Requirement - The reply should match the listing below character for character, except that no image is carried over.

Information provided -
# # # # # # #

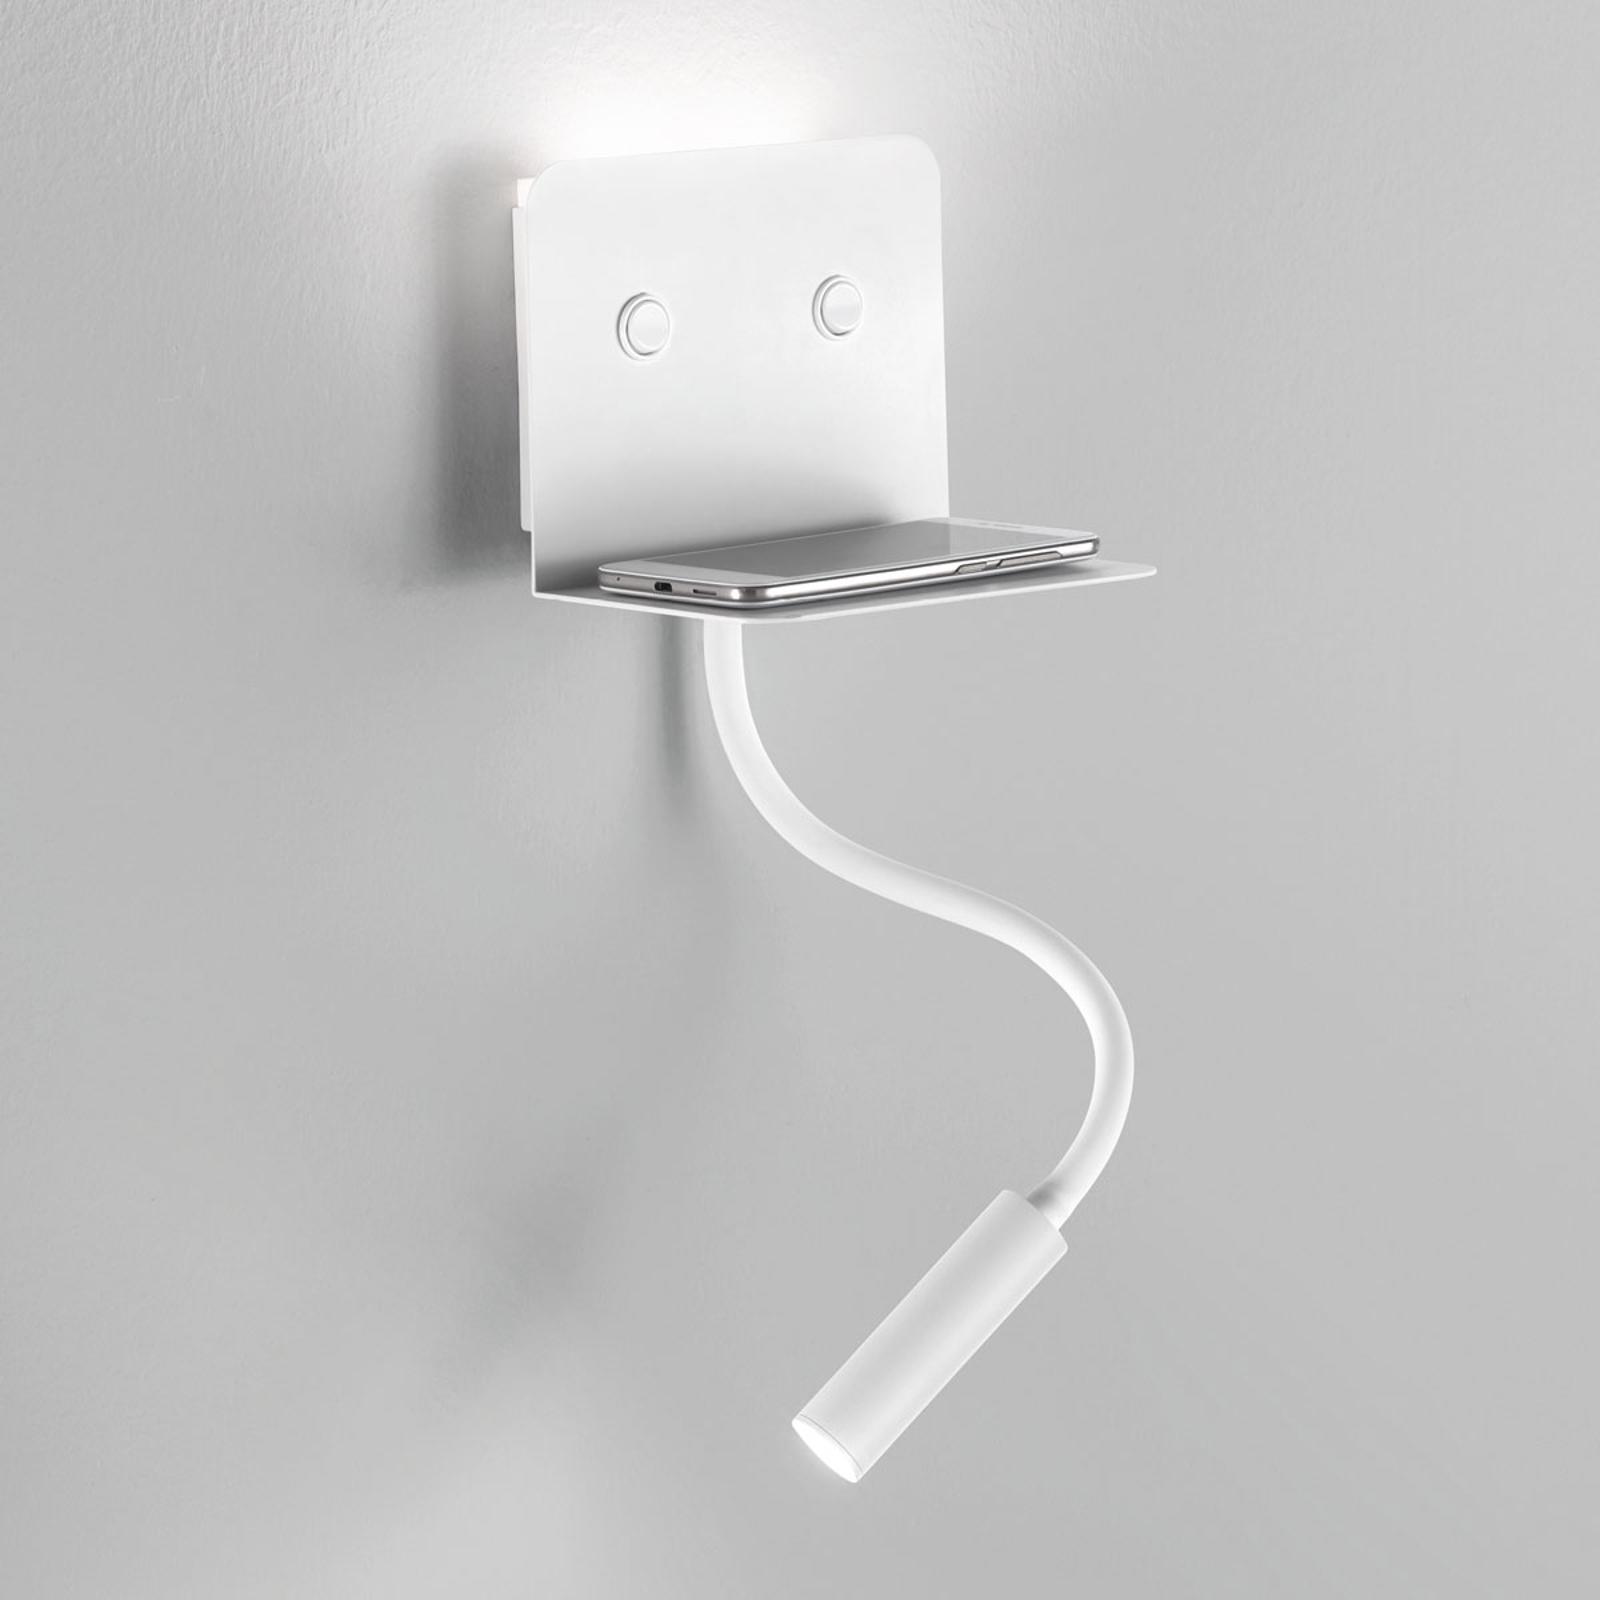 LED wandlamp Level met opbergvak en leeslamp
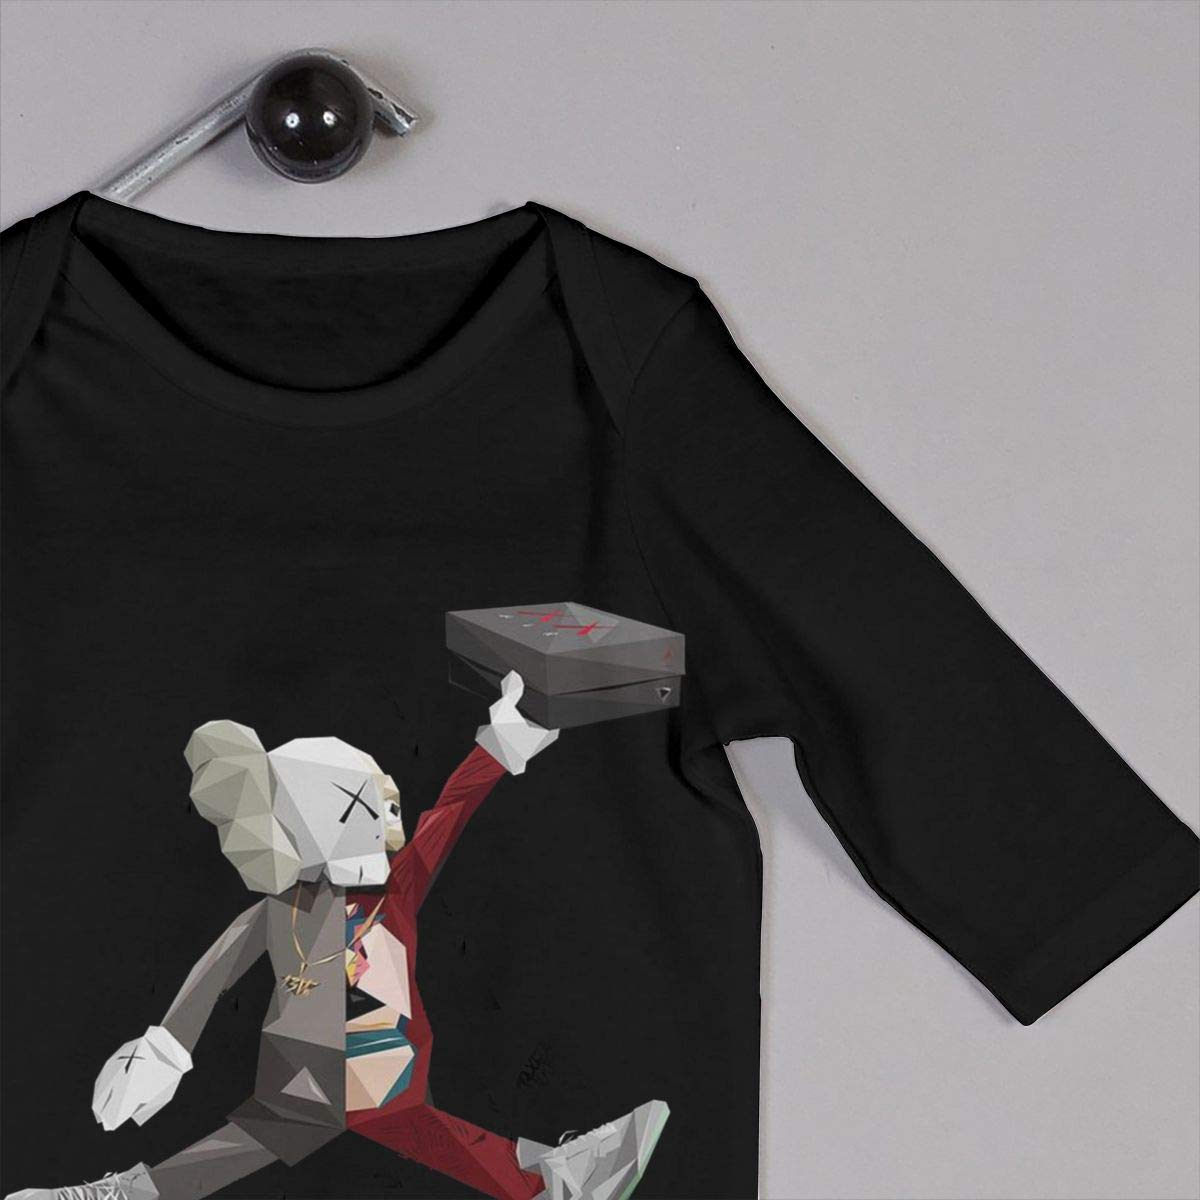 SININIDR Newborn Jumpsuit Infant Baby Girls KAWS Long-Sleeve Bodysuit Playsuit Outfits Clothes Black
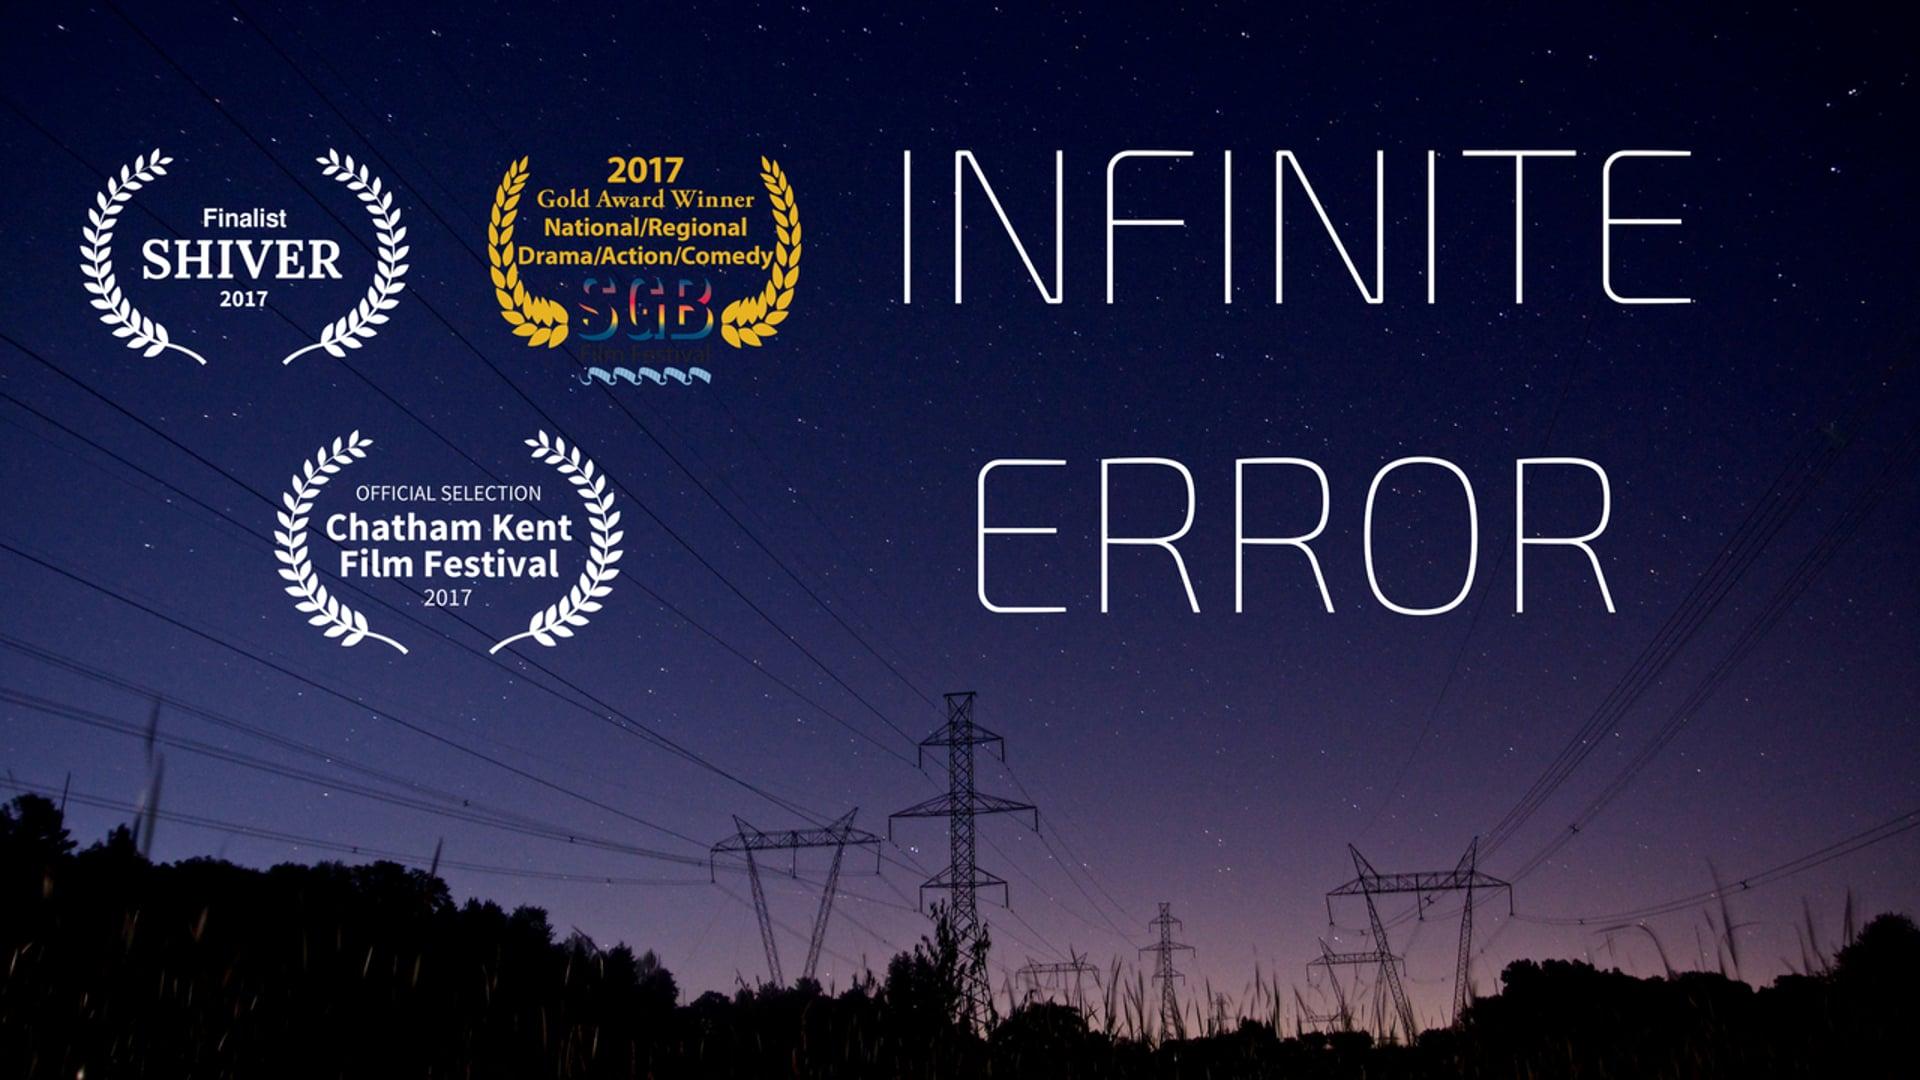 Infinite Error
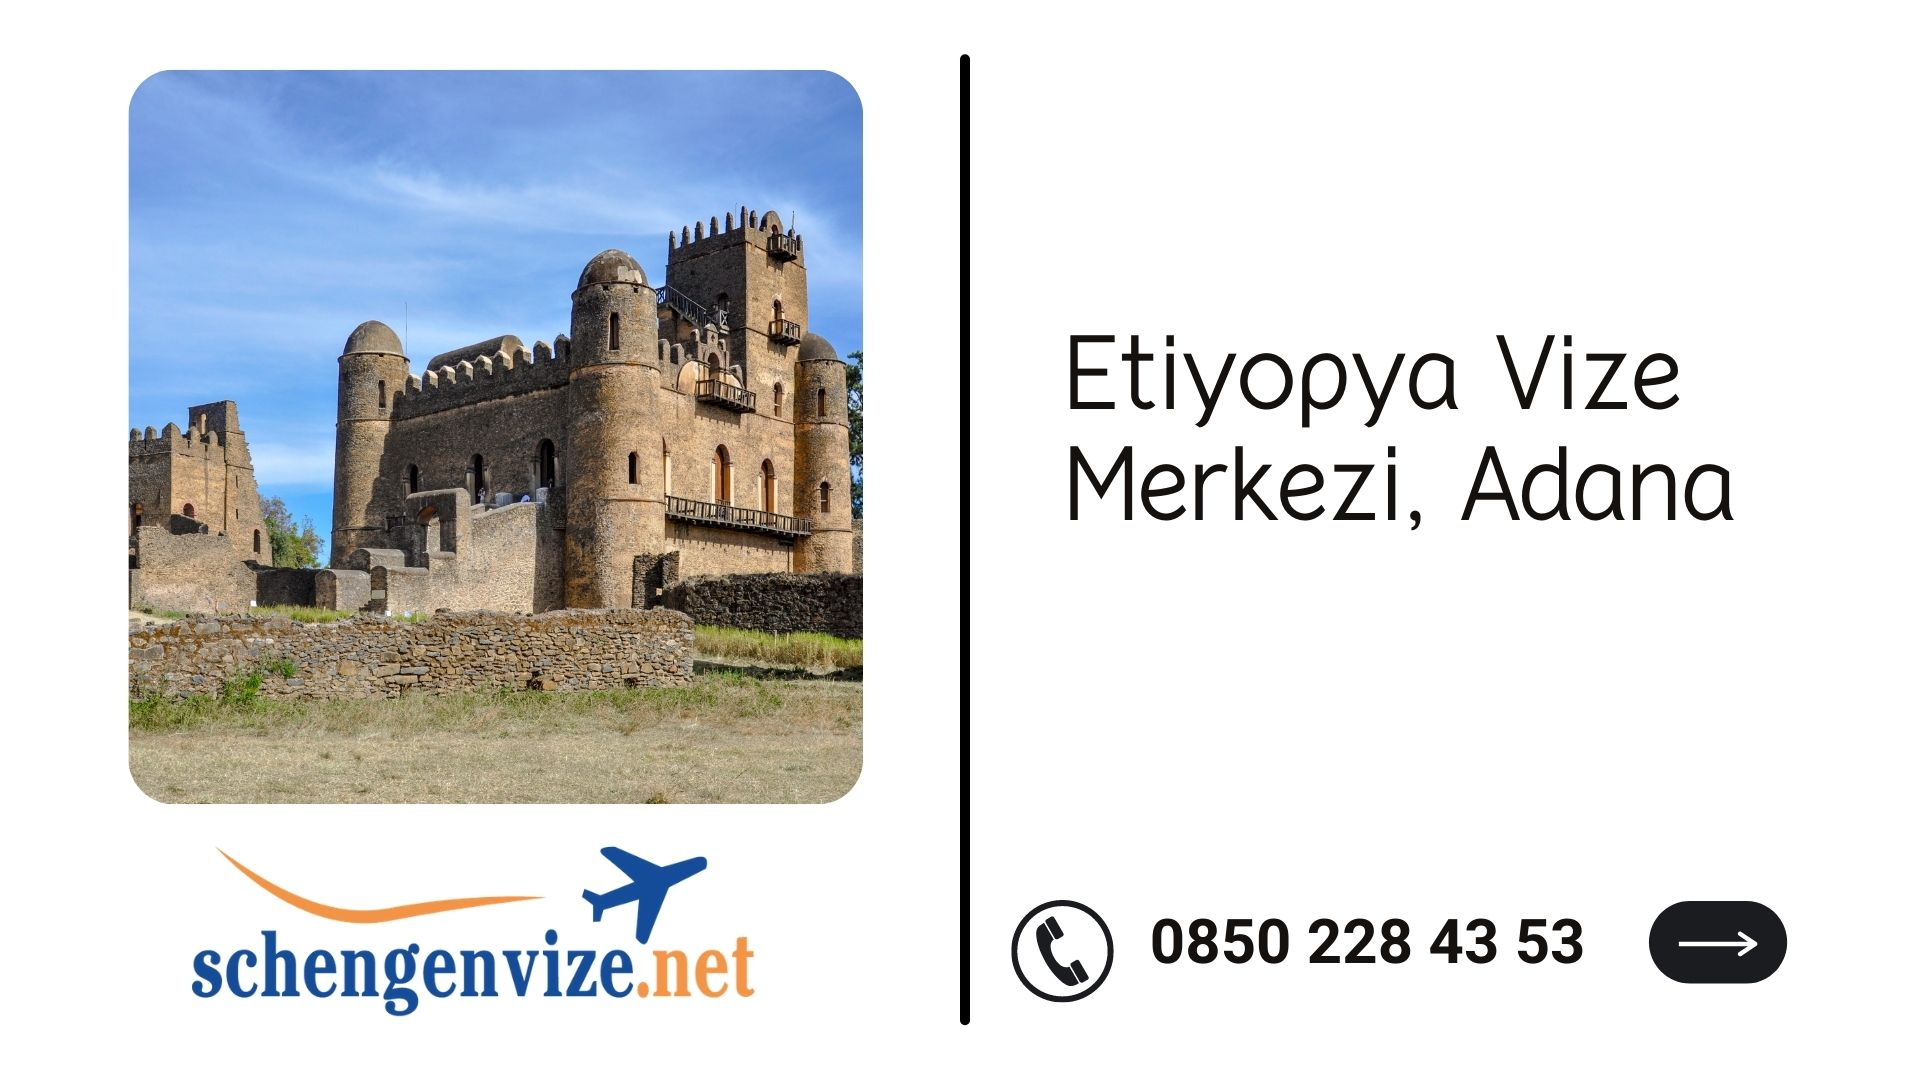 Etiyopya Vize Merkezi, Adana

# # # # # # #

Final answer -
 LED wandlamp Level met opbergvak en leeslamp
 SININIDR Newborn Jumpsuit Infant Baby Girls KAWS Long-Sleeve Bodysuit Playsuit Outfits Clothes Black
 Infinite Error
 Etiyopya Vize Merkezi, Adana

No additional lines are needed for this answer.